Unit labor costs were 9.6% higher in the quarter, up from the 8.3% gain seen in the initial report, after a 5.9% gain in the second quarter. This suggests price pressures will linger.
Also, consumer credit climbed $16.9 billion in October after jumping $27.8 billion in September.
Primary to come
The San Joaquin Hills Transportation Corridor Agency (/A/BBB/) is set to price Wednesday $1.185 billion of taxable senior lien tolls road refunding revenue bonds, Series 2021A and Series 2021B. Goldman Sachs & Co.
The Sales Tax Securitization Corp., Illinois, (/AA/AA-/AA+/) is set to price Wednesday $791.070 million of taxable second lien sales tax securitization bonds, Series 2021B. Loop Capital Markets.
The Sales Tax Securitization Corp. (/AA/AA-/AA+/) is also set to price Wednesday $276.335 million of second lien sales tax securitization bonds, Series 2021A. Loop Capital Markets.
The Massachusetts Water Resources Authority (Aa1/AA+/AA+//) is set to price Thursday $694.09 million of taxable general revenue refunding green bonds, 2021 Series C, serials 2022-2036, terms 2041 and 2044. Citigroup Global Markets.
The Metropolitan Atlanta Rapid Transit Authority (Aa2/AA+//) is set to price Wednesday $381.805 million of taxable sales tax revenue refunding bonds, Series 2021D (green bonds). Goldman Sachs & Co.
Oregon Health and Science University (Aa3/AA-/AA-//) is set to price Thursday $334.115 million of revenue green bonds, Series 2021A. J.P. Morgan Securities.
The New York City Housing Development Corp. (Aa2/AA+///) is set to price Wednesday $319.725 million of corporation multi-family housing revenue bonds, consisting of $137.25 million, 2021 Series K-1 (sustainable development bonds), serials 2026-2033, terms 2036, 2041, 2046 and 2051 and $182.475 million of 2021 Series K-2 (sustainable development bonds), term 2060. Jefferies.
The New York City Housing Development Corp. (Aa2/AA+//) is set to price Wednesday $100 million of taxable index floating rate sustainable development multi-family housing revenue bonds, 2021 Series L. Wells Fargo Corporate & Investment Banking.

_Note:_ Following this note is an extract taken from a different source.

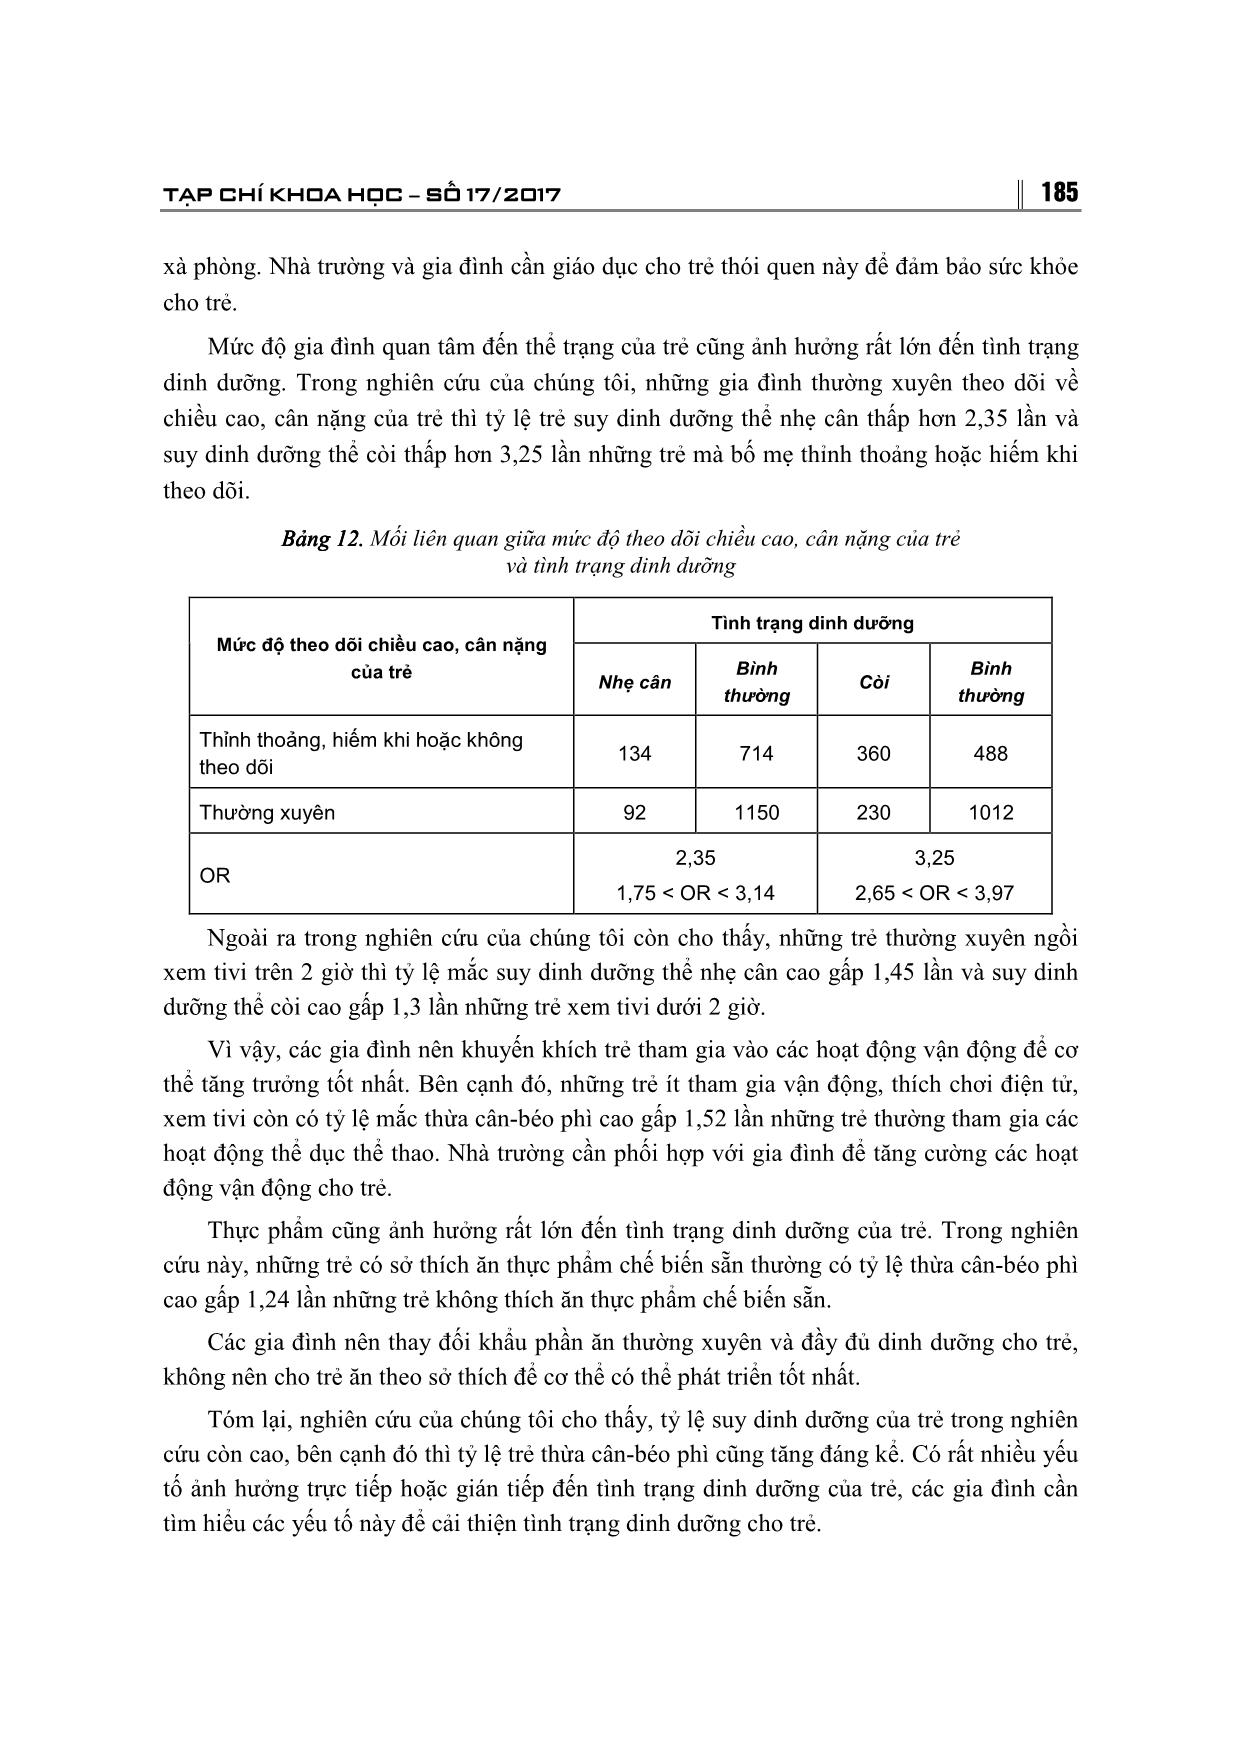 Tình trạng duy dinh dưỡng của trẻ 3-6 tuổi và các yếu tố liên quan ở 3 tỉnh Hà Giang, Hòa Bình, Vĩnh Phúc trang 8

Omaha, Nebraska, is set to price Wednesday $146,195 million, consisting of $92.82 million of various purpose and refunding bonds, Series 2021A and $55.375 million of taxable general obligation refunding bonds, Series 2021B. D.A. Davidson & Co.
Pompano Beach, Florida, (//BBB/) is set to price $139.885 million of revenue bonds (John Knox Village Project), Series 2021, consisting of $89.885 million of Series 2021A, $25.43 million of Series B-1 and $24.57 million of Series B-2. HJ Sims & Co.
The New Hope Cultural Education Facilities Finance Corp., Texas, is set to price Thursday $125 million of Jubilee Academic Center education revenue bonds. D.A. Davidson & Co.
Santa Maria Joint Union High School District (Santa Barbara and San Luis Obispo Counties, California) (Aa2///) is set to price Wednesday $114.43 million, consisting of $67 million of Series 2021, serials 2023-2026 and 2030-2042 and $47.43 million of taxables, serials 2022-2037. Raymond James & Associates.
The Massachusetts Housing Finance Agency (Aa1///) is set to price Wednesday $100 million of non-AMT single family housing notes, Series 2021, serial 2022. Citigroup Global Markets.
The San Francisco Public Utilities Commission is set to sell $51.145 million of power revenue green bonds, 2021 Series A at 11 a.m. Tuesday and $73.855 million of power revenue bonds, 2021 Series B at 11:30 a.m. Wednesday.
The Dormitory Authority of the State of New York will sell $2.469 billion of personal income tax revenue bonds consisting of $2.141 billion of tax-exempts and $328.08 million of taxables on Thursday.
Pulaski County Special School District, Arkansas, is set to sell $108.75 million of refunding and construction bonds, tax exempt, Series 2021B at noon Thursday.